Передо мной предстала поразительная история безымянного города, история могучей метрополии на морском берегу, владычествовавшей над миром до того, как из океанских вод поднялся Африканский континент, о времени невзгод, наставшем, когда море ушло и плодородная долина превратилась в пустыню. Я видел победоносные войны, поражения и бедствия и, наконец, ужасную борьбу с пустыней, когда тысячи жителей города, здесь изображенных в виде рептилий, были вынуждены невероятным образом пробиваться сквозь земную твердь навстречу новому миру, о котором гласили пророчества. Все это выглядело настолько же невероятно, насколько было правдоподобным, и несомненной была связь этой повести с моим умопомрачительным спуском в эти глубины. На фресках я частично узнавал проход, который преодолел.

Продолжая двигаться ползком навстречу свечению, я осматривал картины заката той эпохи – исход расы, что десять миллионов лет царила в безымянном городе и долине, расы, чей дух был надломлен, исторгнутый из той колыбели, что знали их тела, куда они пришли на заре земных лет, высекая в девственных скалах эти святыни, которые никогда не переставали чтить. Свет становился ярче, и теперь я мог пристально изучать фрески, памятуя о том, что эти немыслимые рептилии изображали неизвестную расу людей, и подумать над обычаями тех, кто населял безымянный город. Многое казалось мне загадочным, необъяснимым.

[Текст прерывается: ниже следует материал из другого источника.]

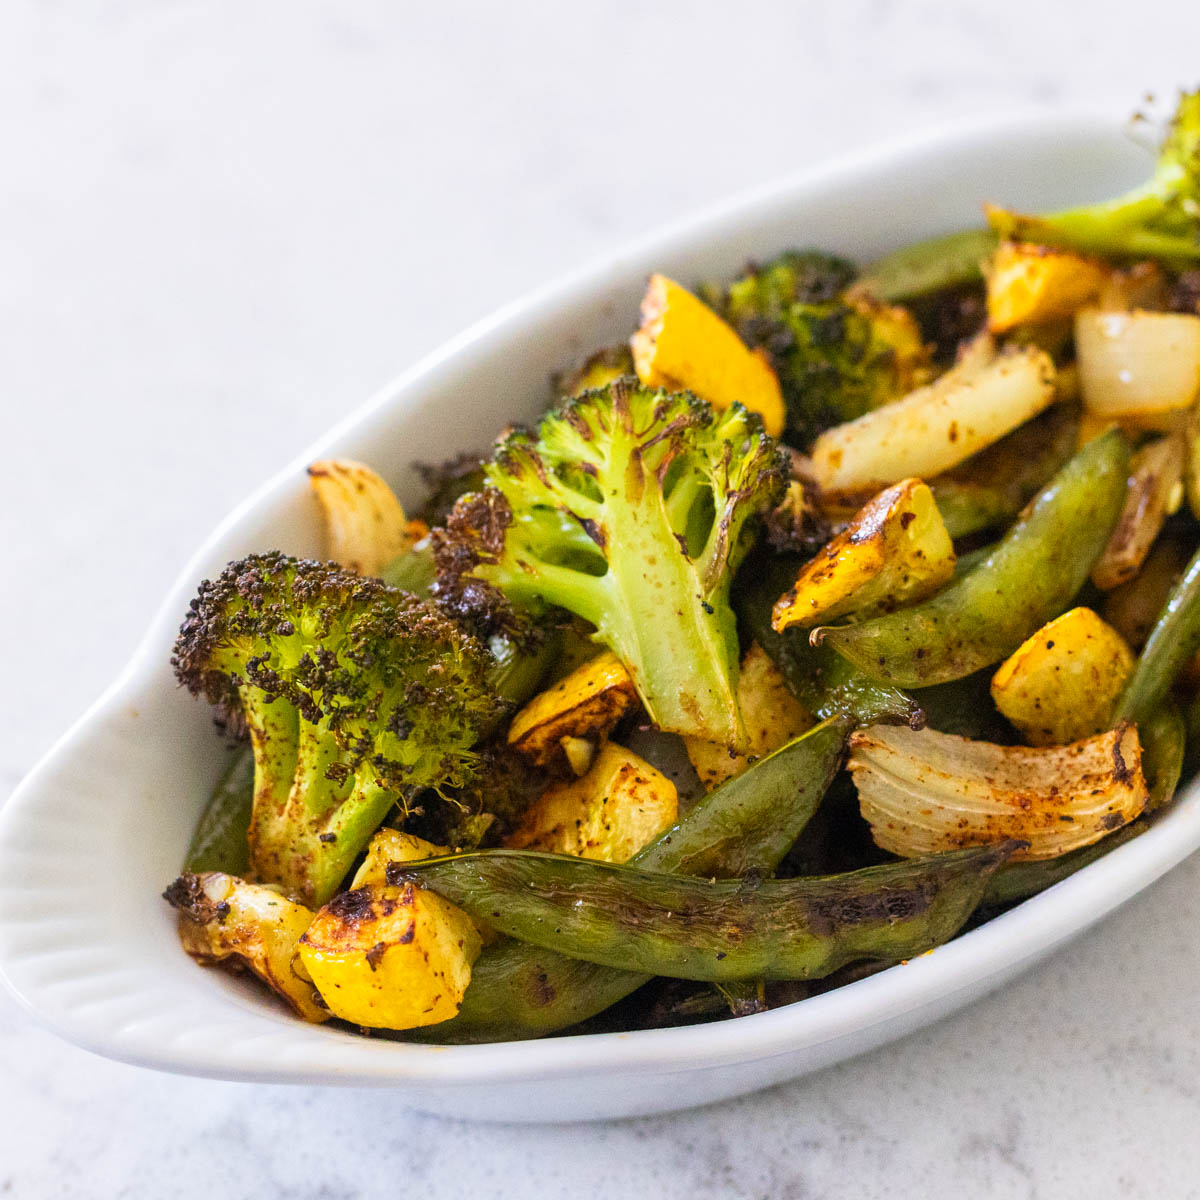 Stir Fry Vegetables in the Oven or Air Fryer - Peanut Blossom

Цивилизация, владевшая письменной речью, достигла больших высот, нежели неизмеримо более поздние Египет и Халдея, но на полотнах ее жизни загадочным образом отсутствовали некоторые подробности. Я не мог найти ни сюжетов о смерти от естественных причин, ни о погребальных ритуалах, за исключением посвященных войнам, насилию и болезням, и не мог понять причины, стоявшей за подобными недомолвками. Видимо, взлелеянная идея иллюзорной вечной жизни служила вдохновением этим художникам прошлого.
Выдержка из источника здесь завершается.